What is needed — Among the lines below, tally those that contain "para" and respond with the total only.

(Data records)
- - - - -
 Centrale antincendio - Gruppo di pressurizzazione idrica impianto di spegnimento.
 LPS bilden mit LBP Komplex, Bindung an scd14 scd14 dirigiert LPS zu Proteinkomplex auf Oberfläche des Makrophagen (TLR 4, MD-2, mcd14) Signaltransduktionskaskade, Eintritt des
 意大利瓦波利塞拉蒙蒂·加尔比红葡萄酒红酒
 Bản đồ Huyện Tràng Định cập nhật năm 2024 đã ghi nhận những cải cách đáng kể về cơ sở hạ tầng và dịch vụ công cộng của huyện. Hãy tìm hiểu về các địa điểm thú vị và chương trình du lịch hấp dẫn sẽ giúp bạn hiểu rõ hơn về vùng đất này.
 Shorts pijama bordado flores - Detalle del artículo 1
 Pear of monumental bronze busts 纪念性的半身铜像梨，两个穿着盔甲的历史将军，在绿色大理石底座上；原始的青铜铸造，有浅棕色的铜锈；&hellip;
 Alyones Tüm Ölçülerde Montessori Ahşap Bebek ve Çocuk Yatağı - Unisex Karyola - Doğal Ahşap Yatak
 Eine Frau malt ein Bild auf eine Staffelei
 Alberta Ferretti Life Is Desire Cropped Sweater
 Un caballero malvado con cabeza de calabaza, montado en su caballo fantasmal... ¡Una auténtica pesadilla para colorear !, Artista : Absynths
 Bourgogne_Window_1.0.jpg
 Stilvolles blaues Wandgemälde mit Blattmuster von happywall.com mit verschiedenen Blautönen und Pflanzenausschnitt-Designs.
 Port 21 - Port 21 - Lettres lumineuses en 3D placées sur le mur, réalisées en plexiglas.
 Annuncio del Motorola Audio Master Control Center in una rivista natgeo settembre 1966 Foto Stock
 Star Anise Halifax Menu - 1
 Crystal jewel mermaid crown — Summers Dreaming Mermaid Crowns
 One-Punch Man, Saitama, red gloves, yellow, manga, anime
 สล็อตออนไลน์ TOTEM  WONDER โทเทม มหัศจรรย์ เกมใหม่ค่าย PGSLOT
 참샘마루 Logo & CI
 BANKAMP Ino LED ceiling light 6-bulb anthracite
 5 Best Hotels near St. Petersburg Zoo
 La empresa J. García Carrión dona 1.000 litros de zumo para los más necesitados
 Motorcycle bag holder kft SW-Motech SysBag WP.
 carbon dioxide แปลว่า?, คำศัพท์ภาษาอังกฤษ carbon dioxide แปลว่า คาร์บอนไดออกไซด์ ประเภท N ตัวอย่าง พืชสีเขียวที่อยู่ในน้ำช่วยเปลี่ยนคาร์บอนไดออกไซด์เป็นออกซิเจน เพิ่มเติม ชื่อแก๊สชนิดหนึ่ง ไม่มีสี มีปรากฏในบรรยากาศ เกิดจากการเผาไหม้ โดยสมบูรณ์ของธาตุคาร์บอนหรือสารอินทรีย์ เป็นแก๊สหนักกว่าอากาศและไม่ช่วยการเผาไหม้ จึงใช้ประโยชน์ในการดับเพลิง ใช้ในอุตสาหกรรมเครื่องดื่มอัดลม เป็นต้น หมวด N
- - - - -
Output for this exercise — 2